I now remember why I implemented {{GaussLegendreFactory}}, 
{{GaussChebyshevFactory}}, and the likes, instead of one big factory qs you 
suggested. The reason for this is that n-point rules are computed recursively: 
you need first to compute the (n-1), (n-2), ... 1-point rules. I therefore 
cached all previously computed rules, which can make one single factory messy, 
because you would need one cache for each rule. However
* I am not sure that caching is indeed necessary: computing a new rule will 
presumably not occur too often in particular applications, and we can probably 
allow for the CPU-cost,
* we could also think of a factory method which would take the (n-1) point rule 
and return the n-point rule.
* the two approaches (one big factory vs. multiple factories) is anyway 
tractable: we can still define multiple factories, and have one 
{{GaussIntegratorFactory}} which holds singleton references to each of these 
specific factories. I have to say I find your idea of one big single factory 
very neat.

{quote}
So, are we set to go?
{quote}
I think so. I guess you will start with implementing the stripped down G-L 
integrator, where all points and weights have been precomputed (not computed 
on-the-fly), so you are not likely to have the above problem.
                
> Single step integrators
> -----------------------
>
>                 Key: MATH-797
>                 URL: https://issues.apache.org/jira/browse/MATH-797
>             Project: Commons Math
>          Issue Type: Wish
>    Affects Versions: 3.0
>            Reporter: Gilles
>            Assignee: Gilles
>            Priority: Trivial
>             Fix For: 3.1
>
>
> CM assumes that the user wants to integrate a complex function on a large 
> interval, so the large interval has to be subdivided into many subintervals. 

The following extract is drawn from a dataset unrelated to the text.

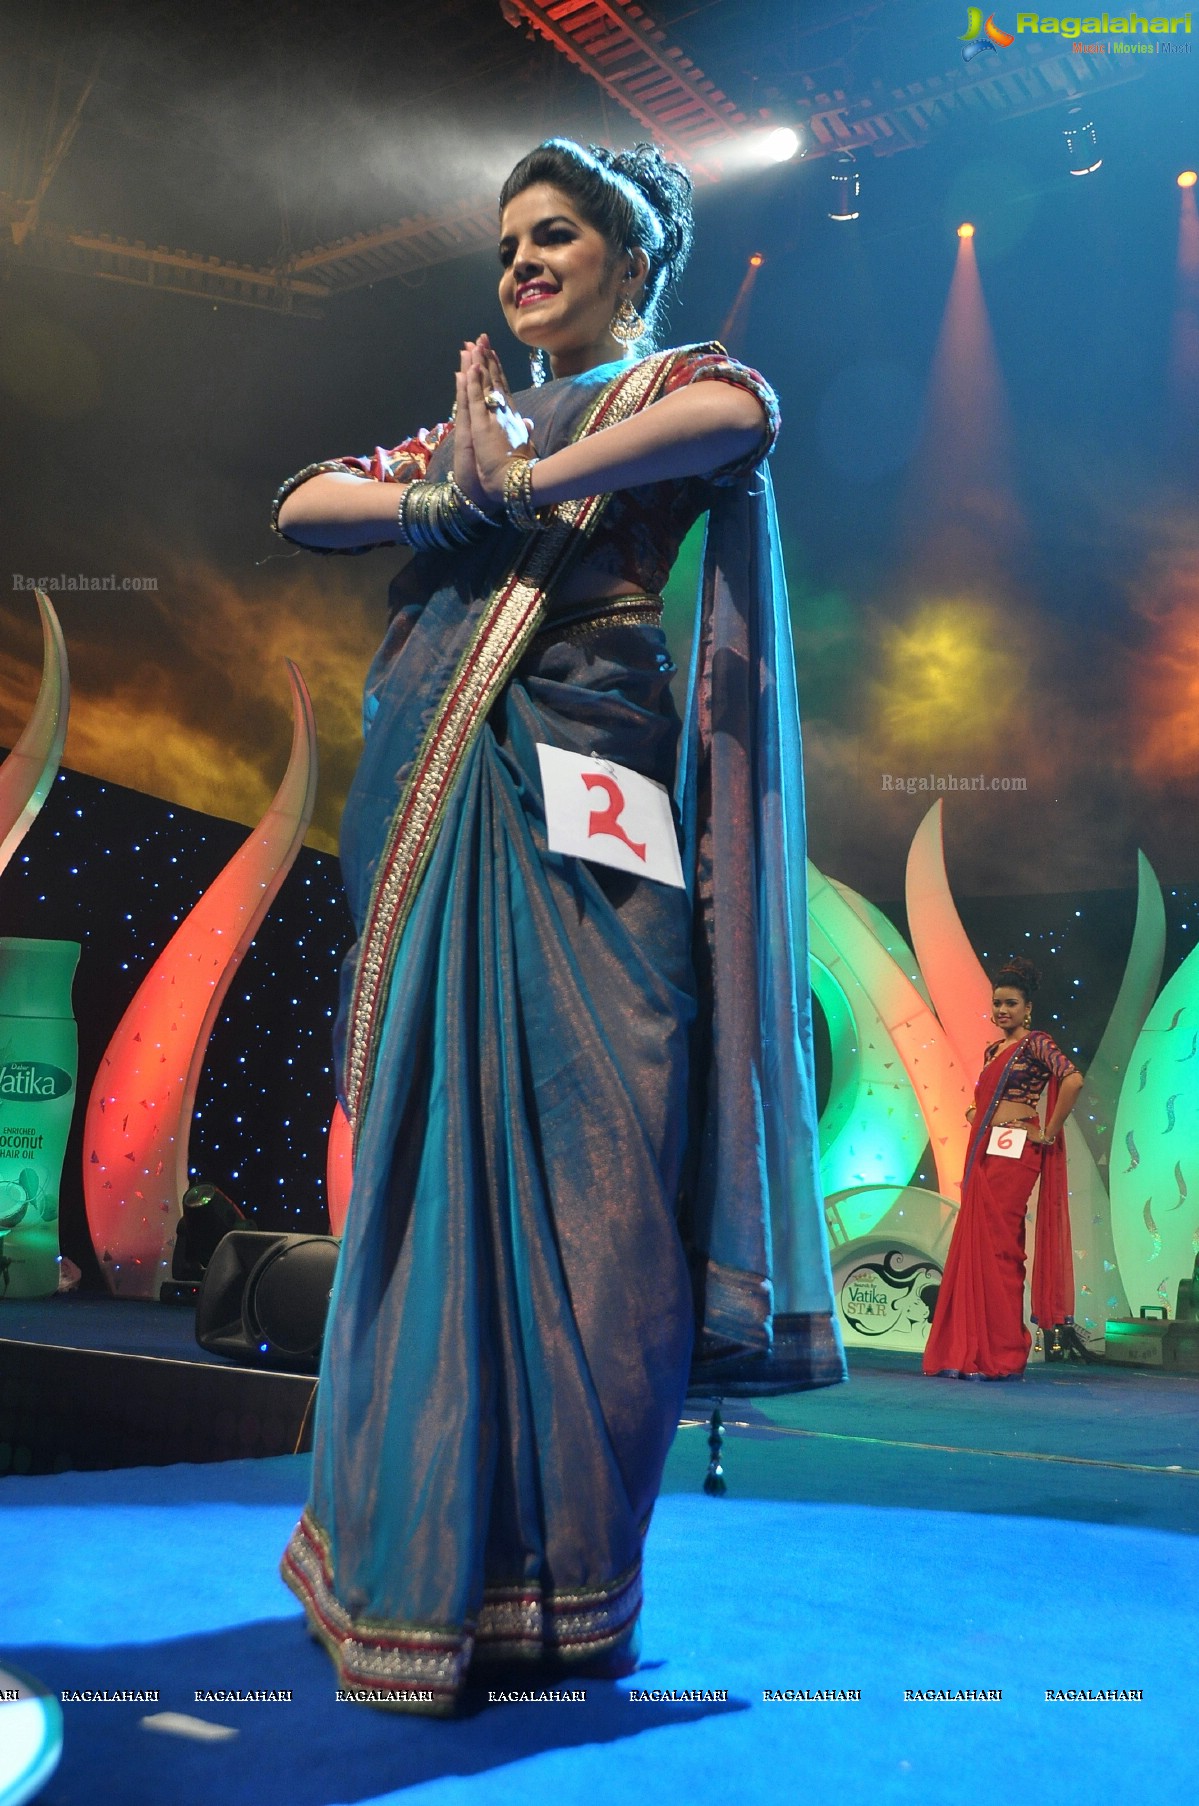 Dabur Vatika Star Contest 2012 Grand Finale

> CM does the partition, and performs convergence checks, using an iterative 
> approach.
> However, if the function is smooth enough, no subdivision of the integration 
> interval is required. Those use-cases could benefit from the efficiency gain 
> of not performing a convergence check.
> The proposal is to provide a new interface "UnivariateSingleStepIntegrator":
> {code}
> interface SingleIntervalIntegrator {
>     /**
>      * Method for implementing a single interval integration.

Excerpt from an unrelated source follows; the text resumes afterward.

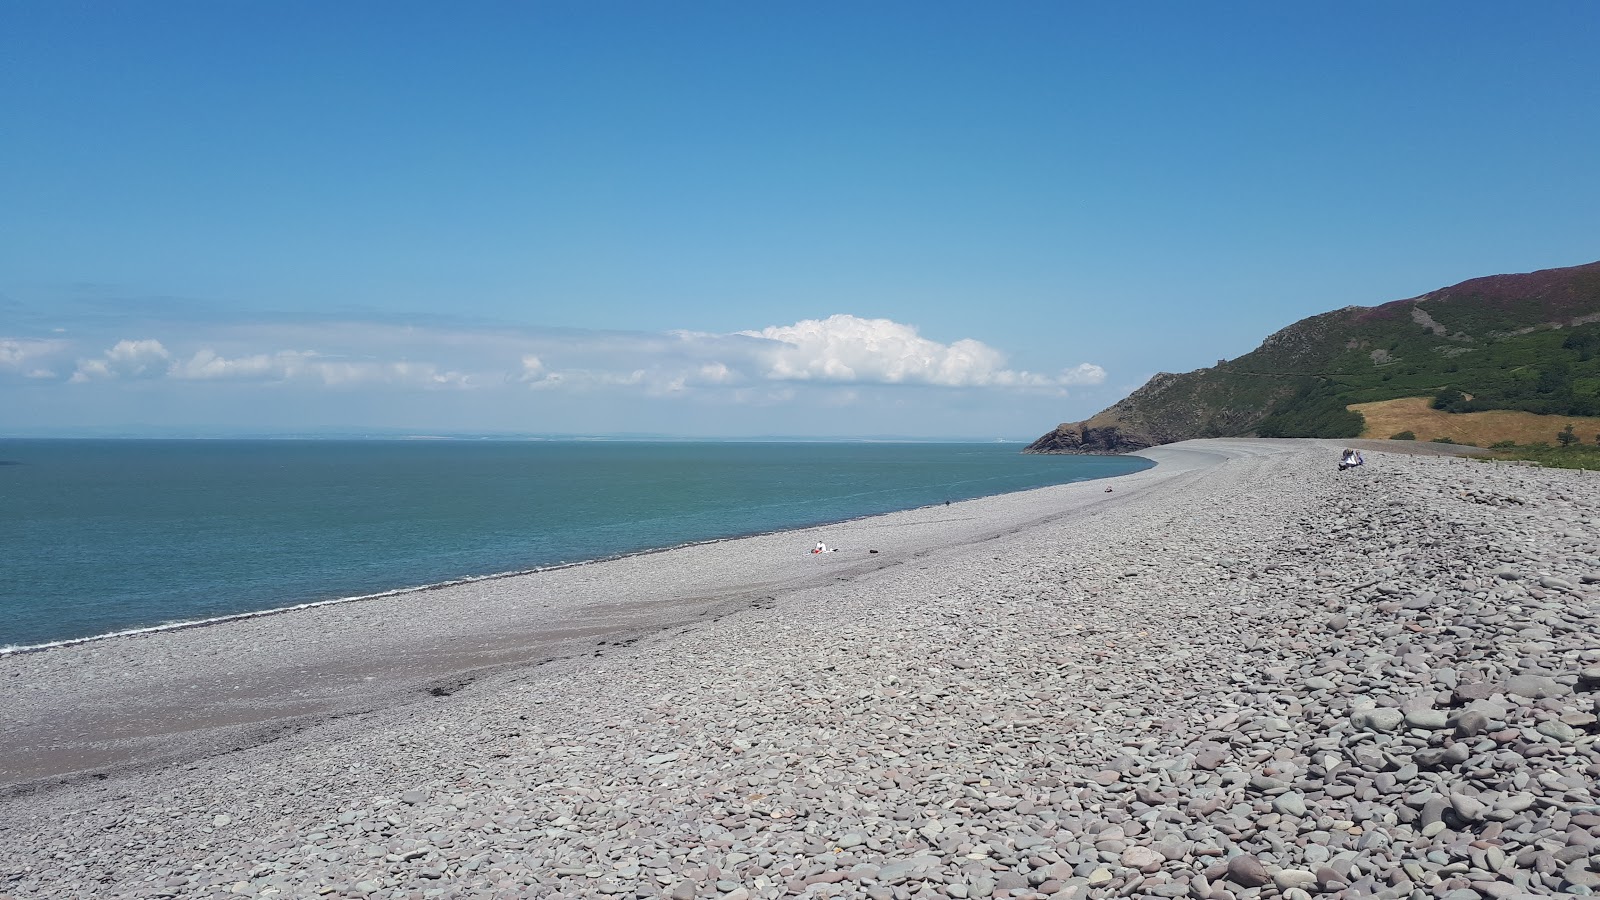 Fotografija Plaža Bossington z sivi kamenček površino

>      * There is no convergence checks because it is not iterative.
>      *
>      * @param f Function to integrate.
>      * @param lower Lower bound of the interval over which to integrate.

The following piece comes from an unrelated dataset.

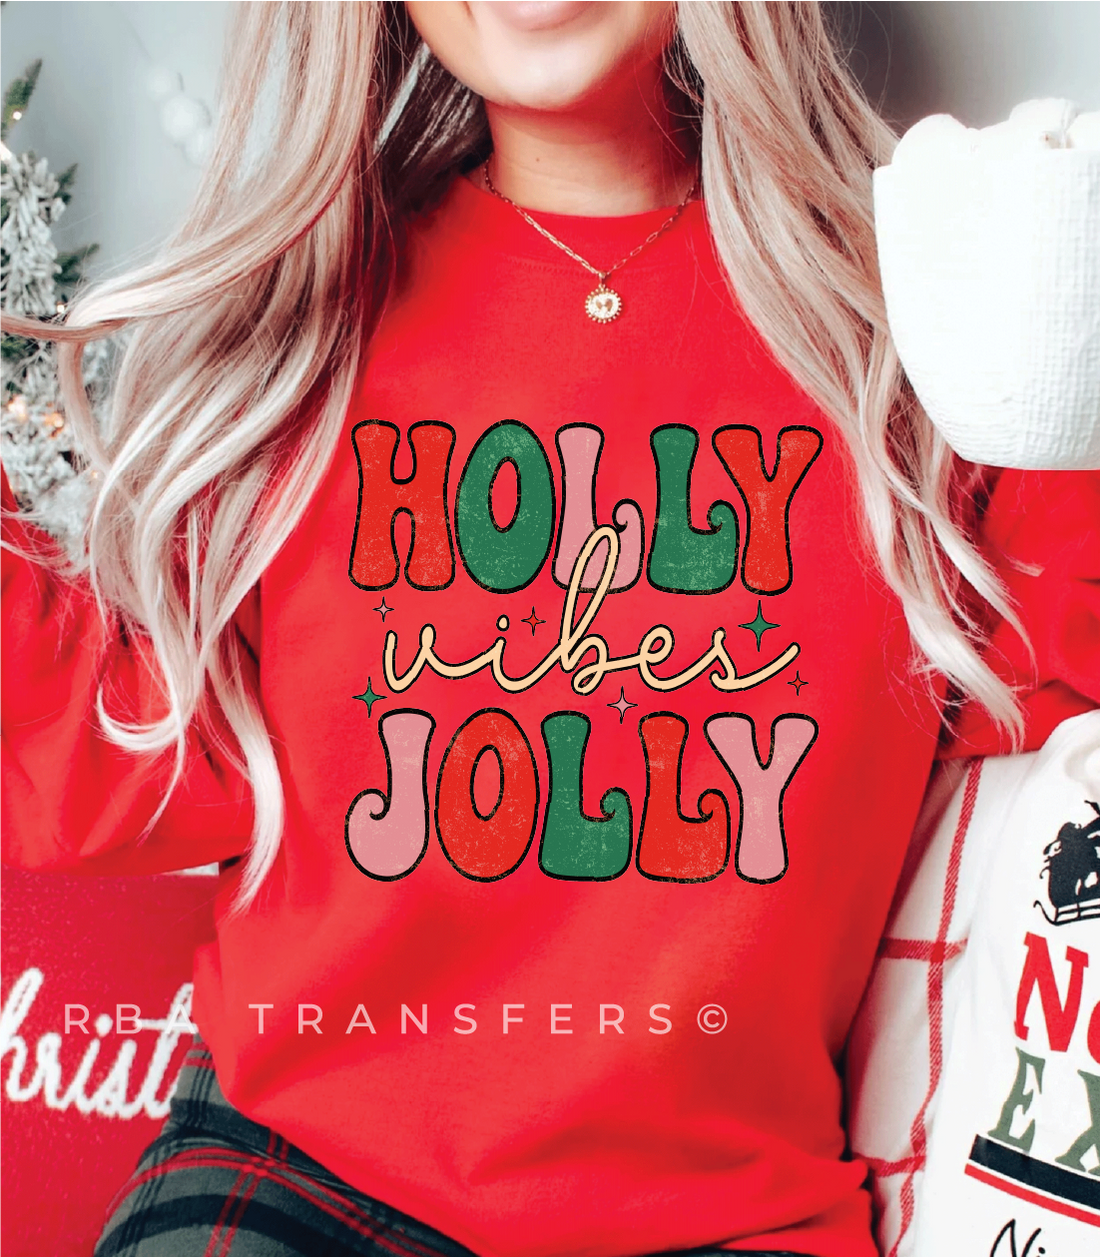 Holly VIBES Jolly Full Colour Transfer

>      * @param upper Upper bound of the interval over which to integrate.
>      * @return the integrated value.
>      */
>     double integrate(UnivariateFunction f,
>                      double lower,
>                      double upper);
> }
> {code}
> In effect, the implementation of the above "integrate" method of a new 
> "LegendreGaussIntegratorSingleStepIntegrator" would the equivalent of 
> "stage(1)" in the current "LegendreGaussIntegrator".